Pico da Neblina () is a Brazilian drama television series that premiered on HBO Brazil and Latin America on August 4, 2019. It depicts a scenario in which marijuana has been legalized in Brazil and following the story of a former drug dealer who needs to find a way to keep working.
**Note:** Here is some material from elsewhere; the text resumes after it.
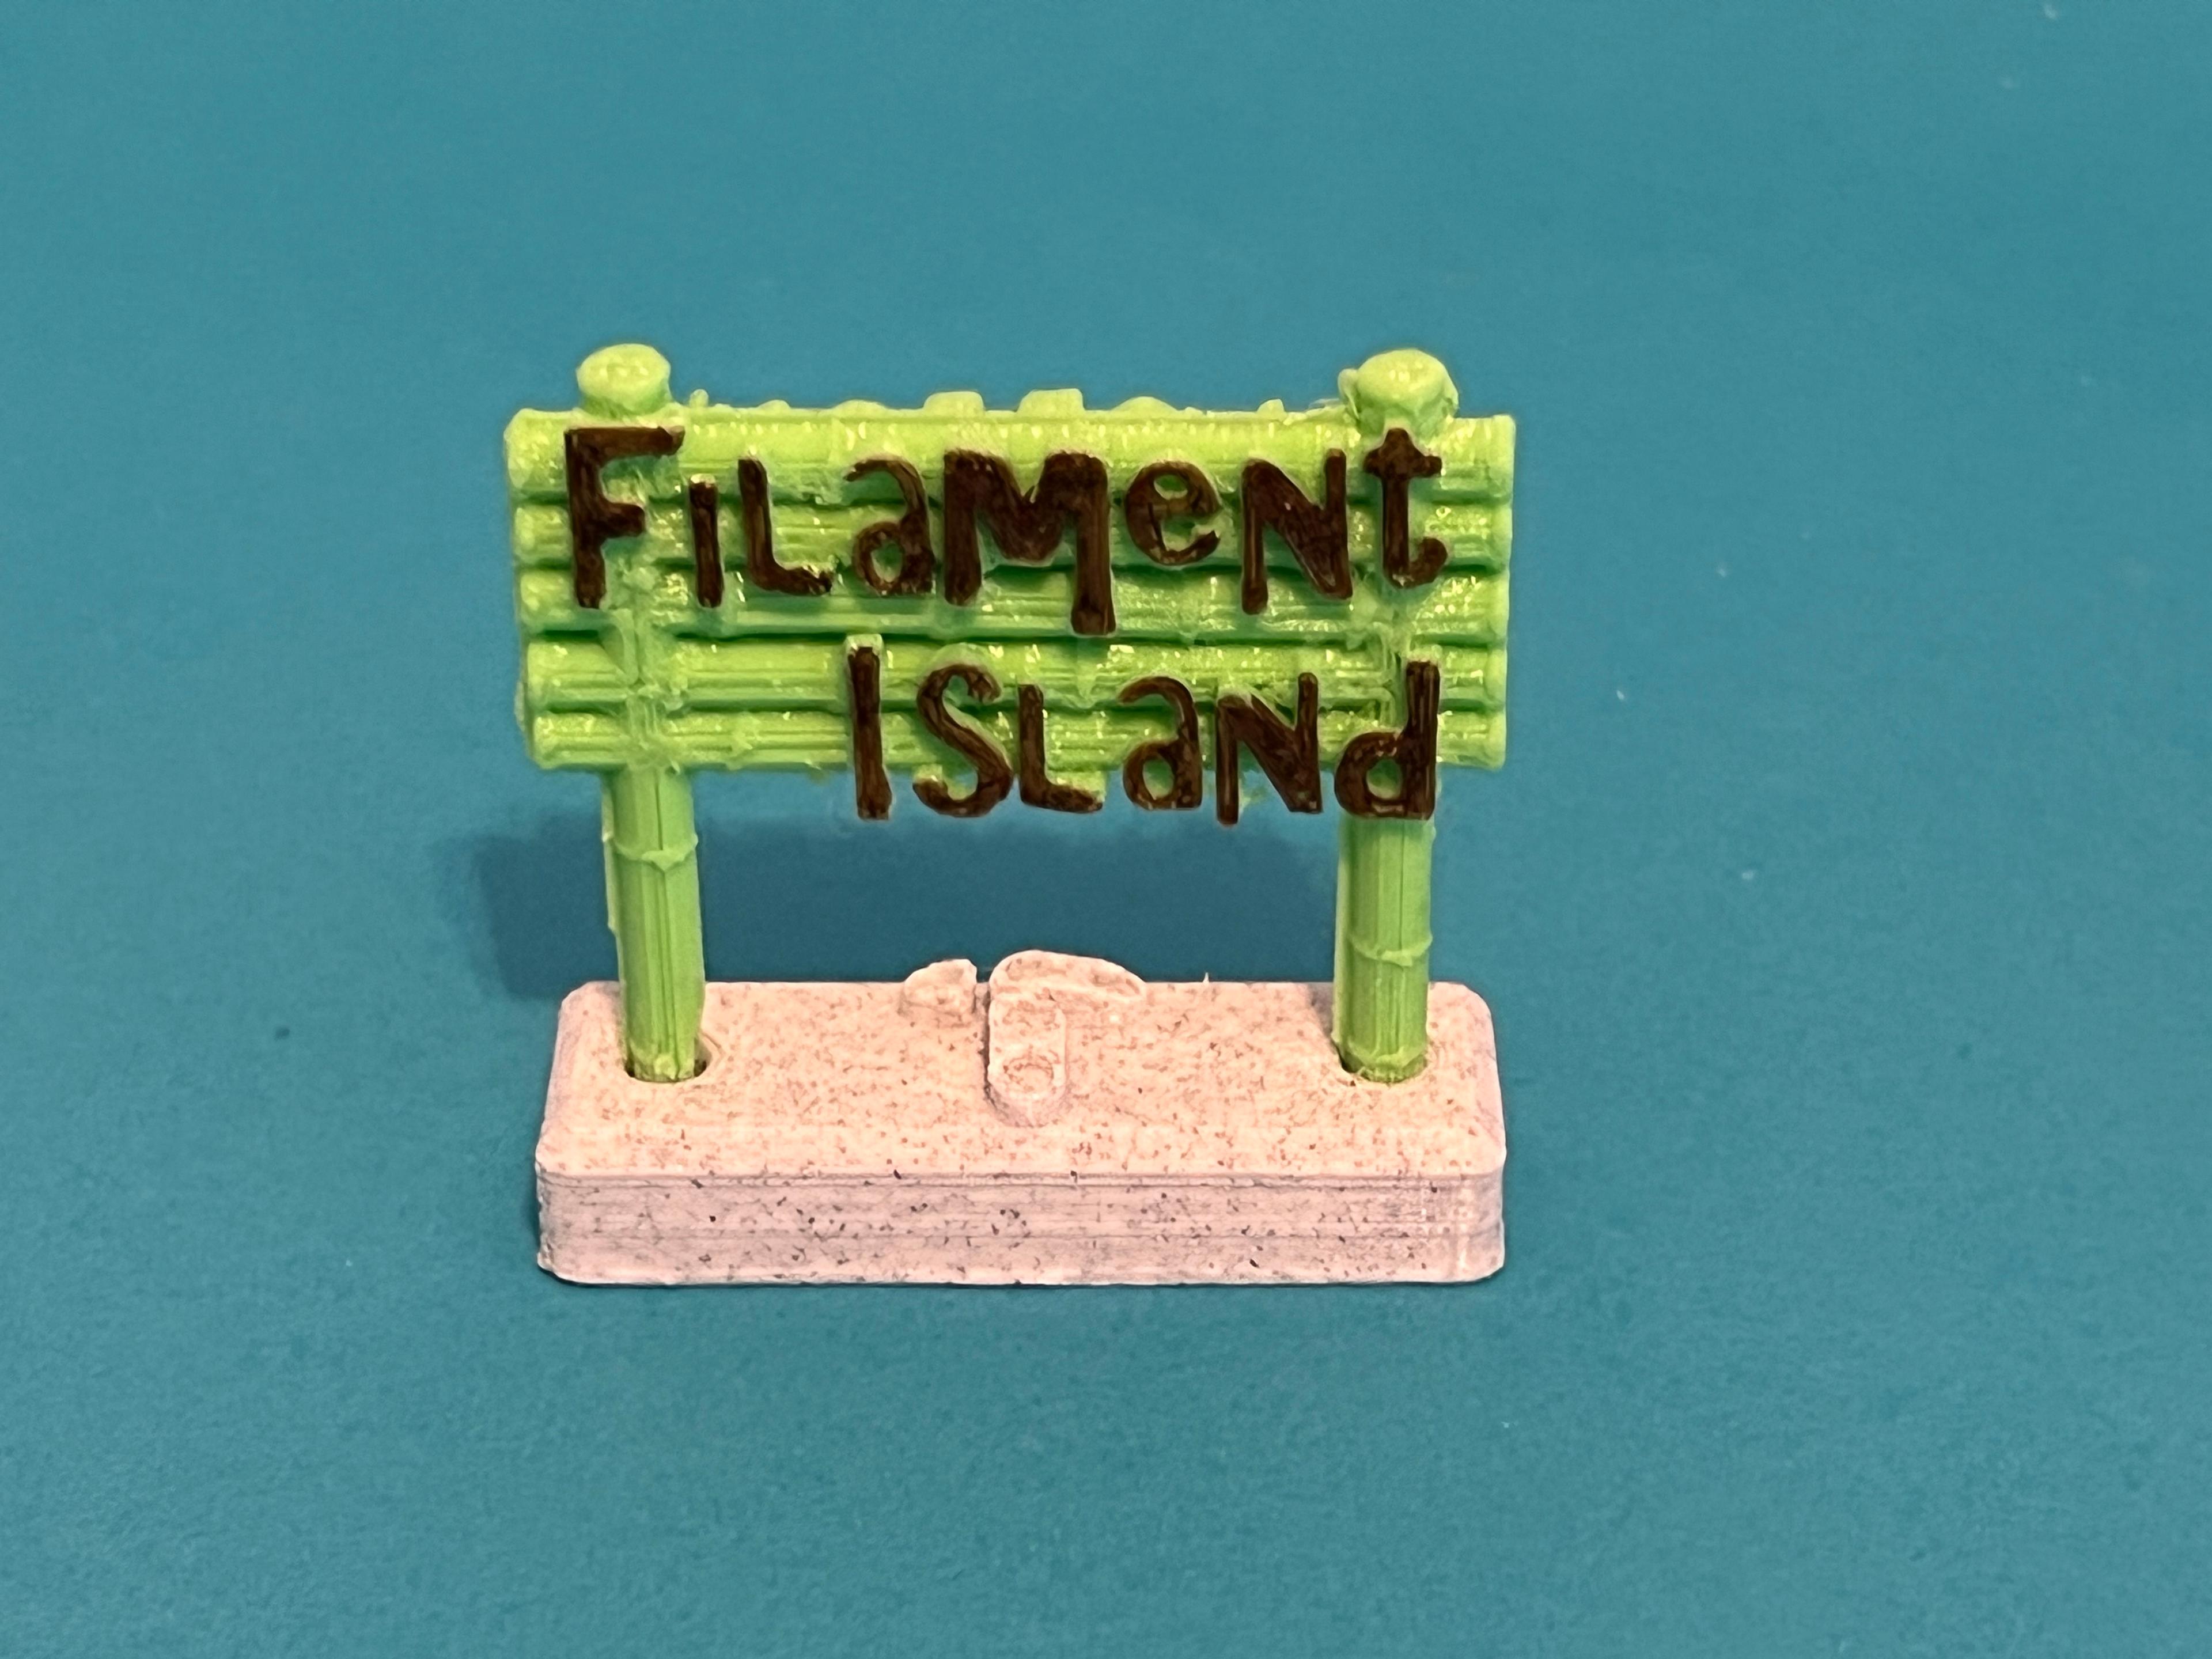 Filament Island 3d model

The title is a pun on the meaning of 'high', as Pico da Neblina is the highest peak in Brazil.

Premise
The series follows the story of Biriba (Luís Navarro), a young drug trafficker from São Paulo who, after the legalization of marijuana in Brazil, decides to abandon his life on crime and sell his weed legally along with an inexperienced investor partner. But Salim (Henrique Santana), his childhood friend, decides to follow as an old-fashioned drug dealer in the illegality.

Cast and characters

 Luis Navarro as Biriba
 Henrique Santana as Salim
 Teca Pereira as Irene
 Daniel Furlan as Vini
 Maria Zilda Bethlem as Suzette Tortoriello
 Leilah Moreno as Kelly
 Dexter as CD
 William Costa as Piolho
 Bruno Giordano as Fernão
 Sabrina Petraglia as Nanda
 Bruce de Araújo as Digão
 Lenita Oliver as Marcela
 Fabio Marcoff as Joselo
 Renata Carvalho as Carmen
 Alex Gruli as Sargento Lopes
 Ivan de Almeida as Bigode
 Nathalia Ernesto as Laura
 Inara as Gabriela
 Che Moais as Pescoço
 Henrique Brandon as Torneira
 Gabriel Salazar as Buiú
 Nayobé Nzainab as Amanda
 Fabio Nepô as Bigato
 Jorge Neto as Rick
 JB Oliveira as Nelsinho
 Irayó as Caniço
 Jota Estevam as young CD
 Marina Mathey as young Carmen

Production

Conception and development 
According to the director Quico Meirelles, when Pico da Neblina was being produced, in 2015, he imagined that, when the series would be premiered, in 2019, cannabis would already been legalized in Brazil. But what he saw was a twist in the opposite direction, with the discussions paralyzed in the National Congress of Brazil. The director said he could only imagine what this hypothetical Brazil would be like, based on experiences from other countries that have already legalized the drug, as part of Europe, Uruguay, Canada and the United States.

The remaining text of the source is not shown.